The financials of the deal have not been revealed, but reportedly both Microsoft and Google offered “hundreds of millions of dollars worth of engineering assistance and marketing support.”
Nokia’s statement asserts:
With Windows Phone as its primary smartphone platform, Nokia would help drive the future of the platform by leveraging its expertise on hardware optimization, software customization, language support and scale.
But Microsoft’s smartphone market share fell by more than half last year to just 4.2%, according to Gartner. Windows Phone 7, released in October, may have enjoyed an early bump in sales, but it is still well below the radar for consumers and developers.
Elop and Ballmer offer brave words about creating scale and disrupting “other mobile ecosystems,” but without specifying how this will come about.
Presumably the deal means Symbian has finally been put out to pasture, although Nokia camouflages this in dense corporate-speak:
With Nokia's planned move to Windows Phone as its primary smartphone platform, Symbian becomes a franchise platform, leveraging previous investments to harvest additional value.
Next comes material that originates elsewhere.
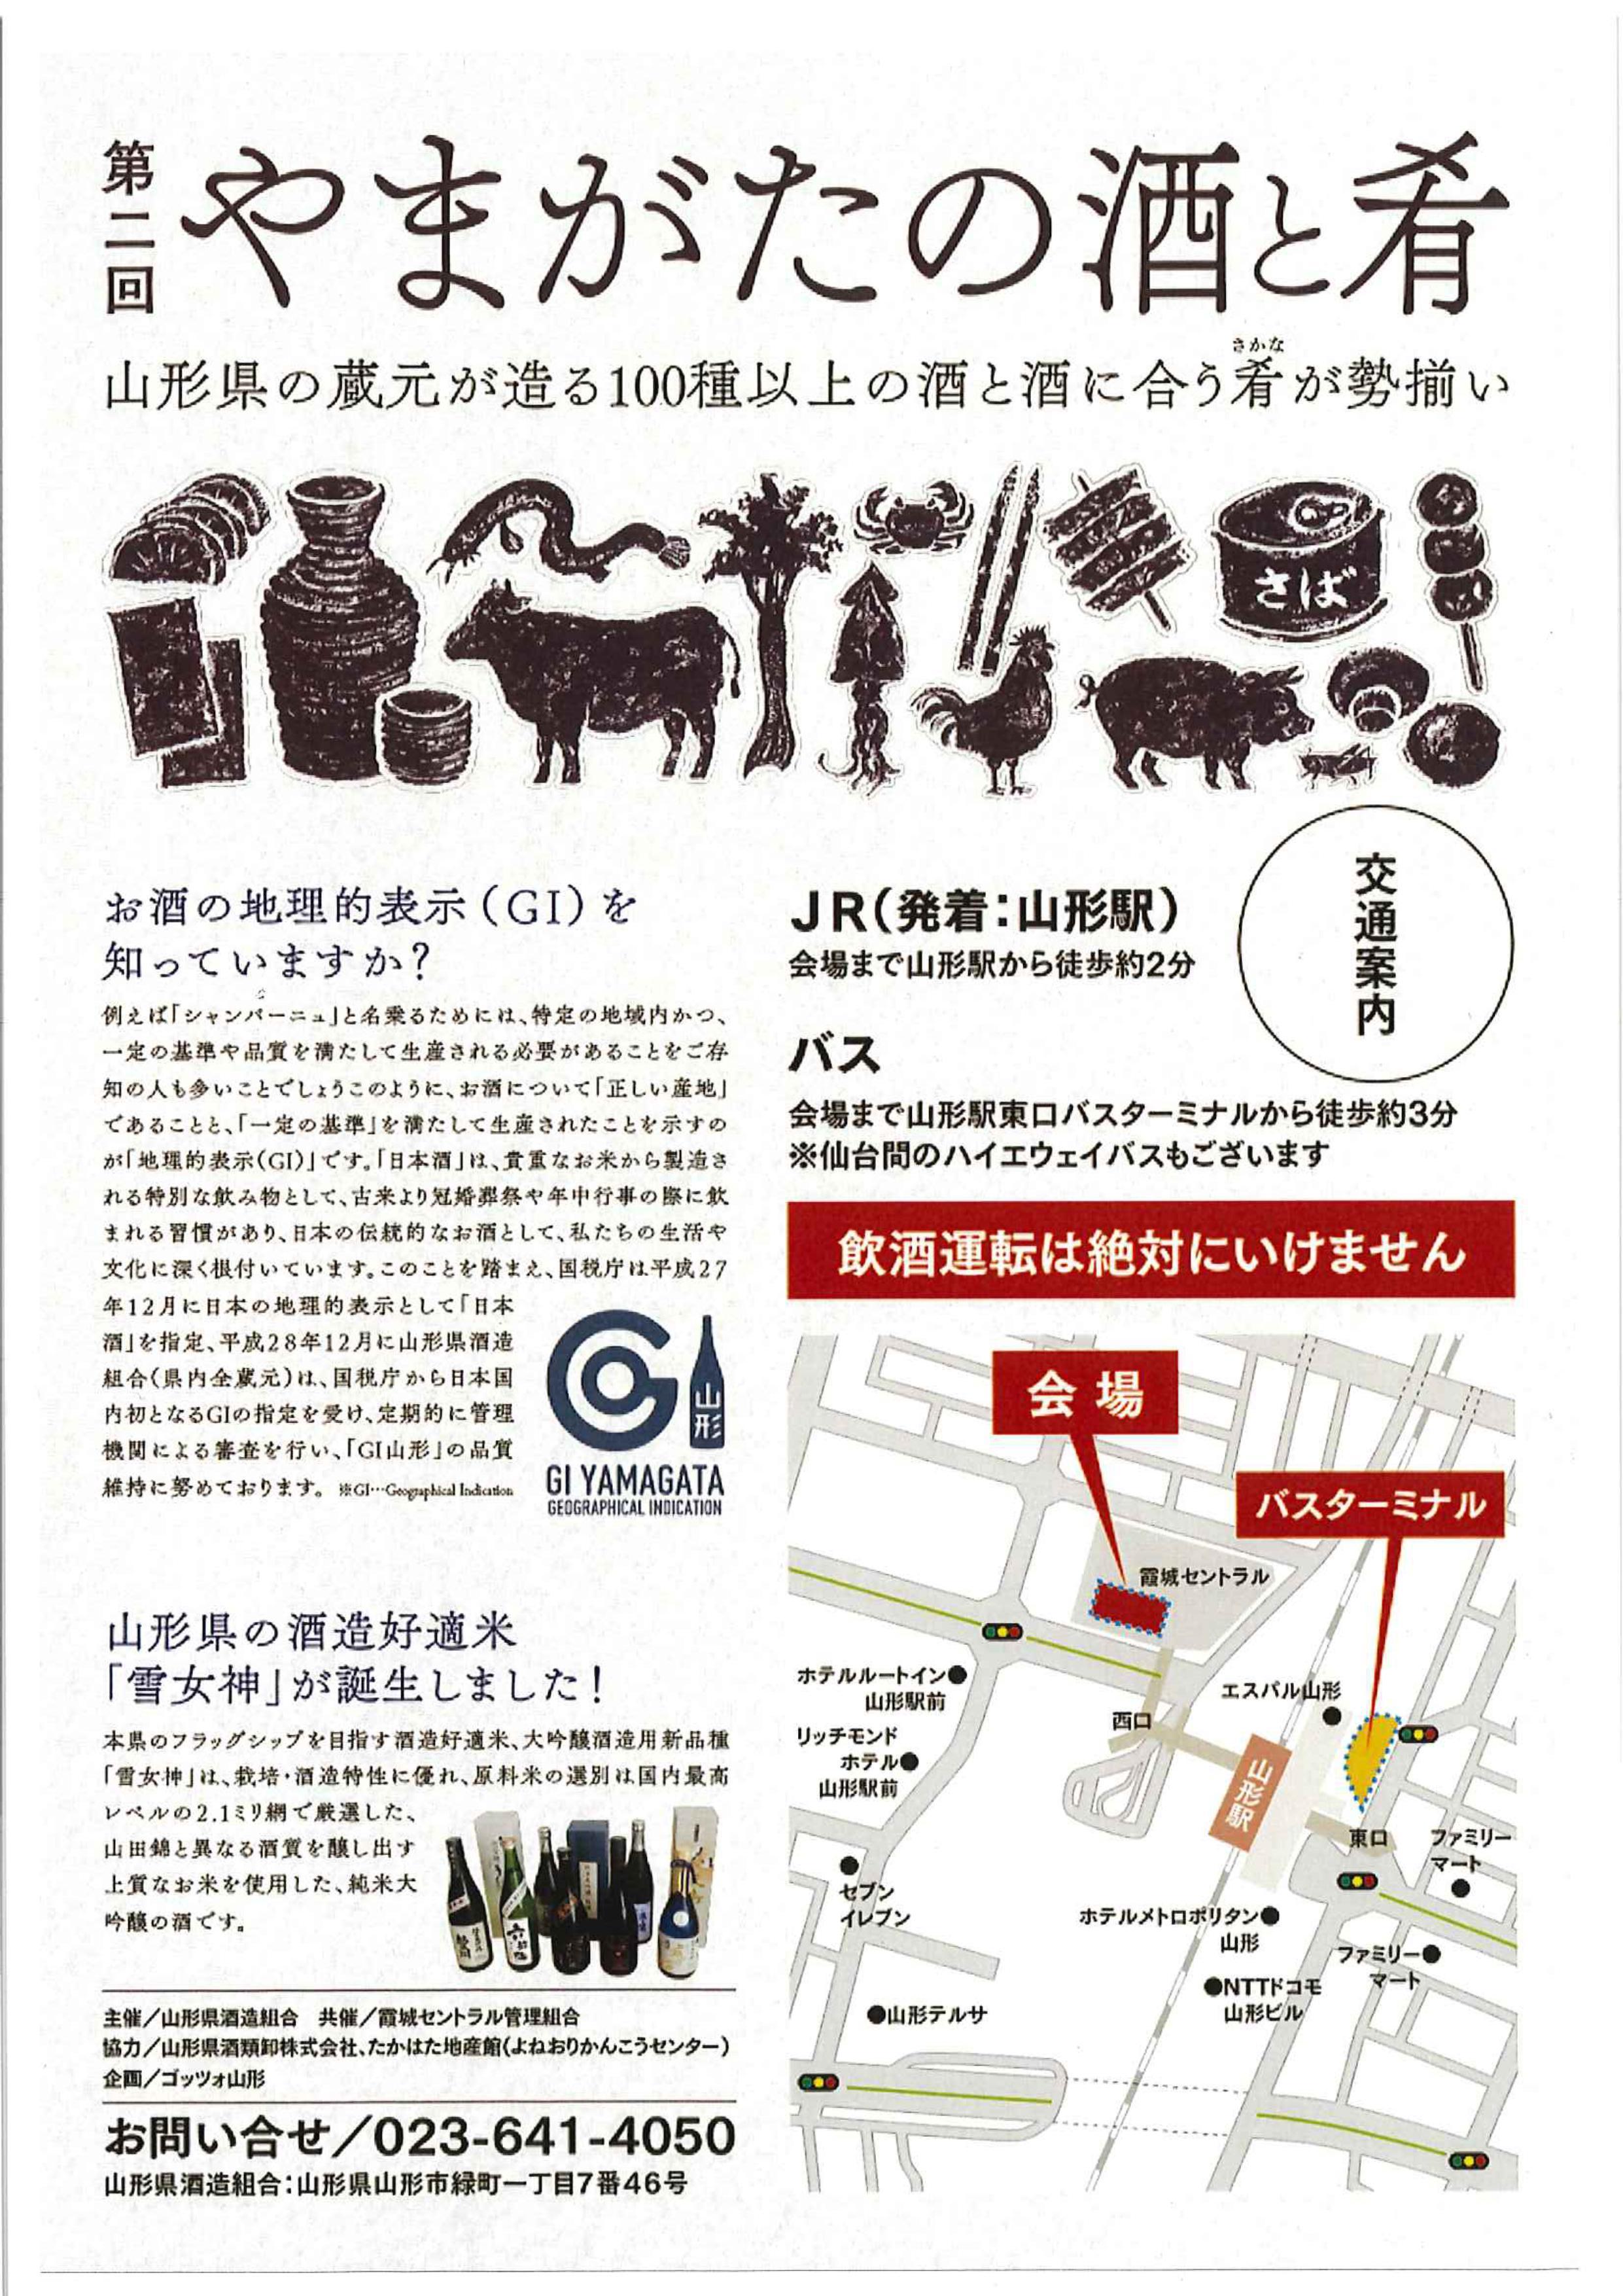 event-20171209-2.jpg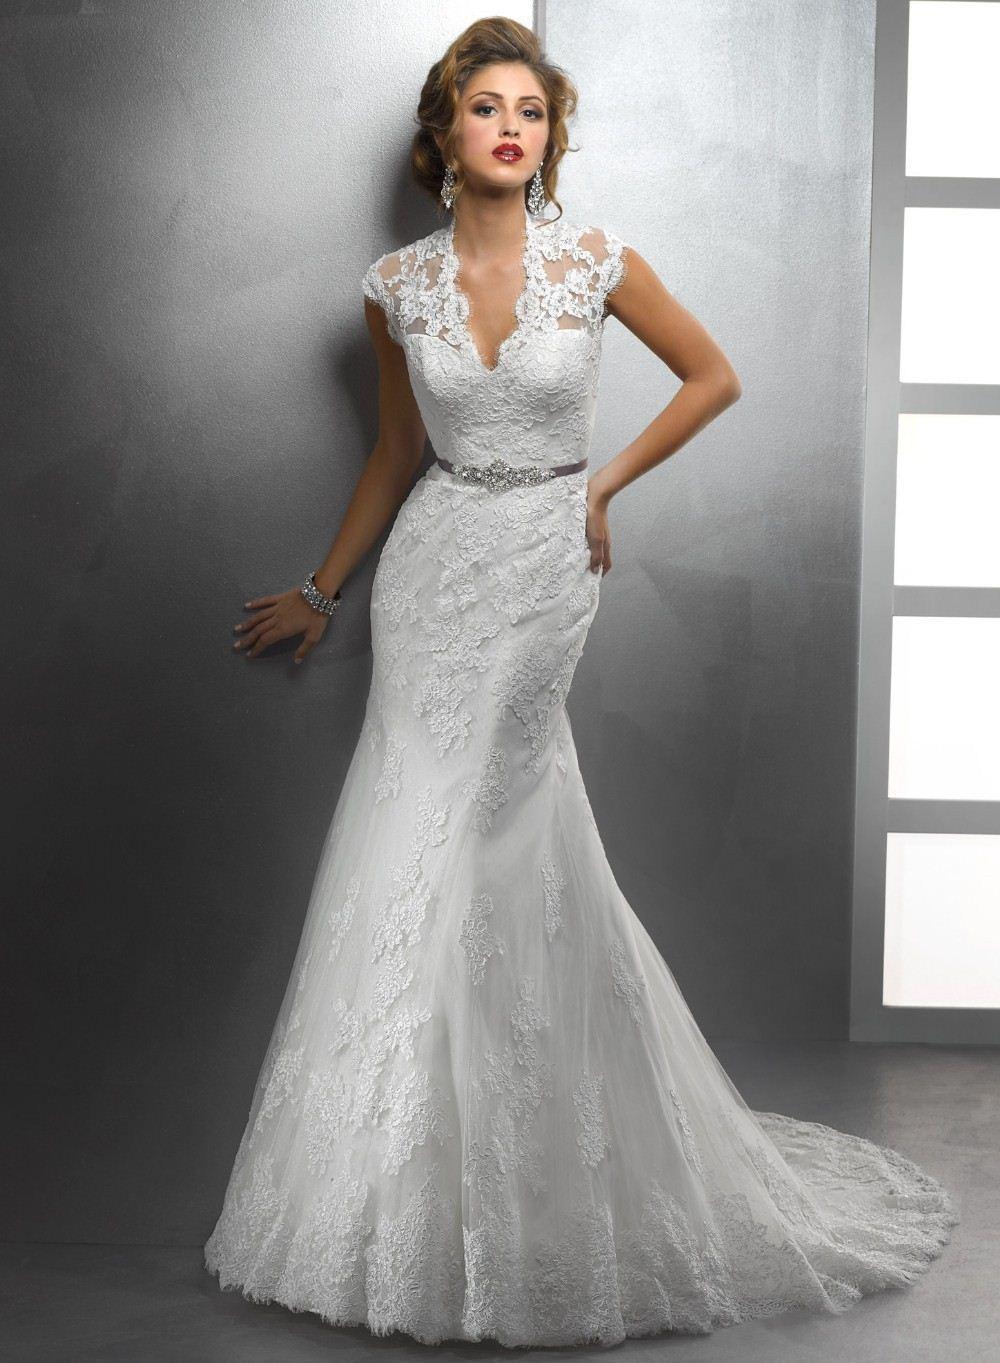 2017 Vestidos Elegant Design V Neck Cap Sleeve Appliqued Mermaid Deep Wedding Dresses

MeeGo, the planned Nokia-Intel platform which is way behind schedule, will now become “an open-source, mobile operating system project” with “increased emphasis on longer-term market exploration of next-generation devices.” The first MeeGo product is likely to ship this year.
As well as the partnership with MS, Elop also unveiled a company restructure – the fifth in five years.
In any case, both moves, announced at the start of Nokia’s capital markets day, left investors underwhelmed. Nokia’s NYSE stock fell 95c, or just under 10%, in after-hours trade.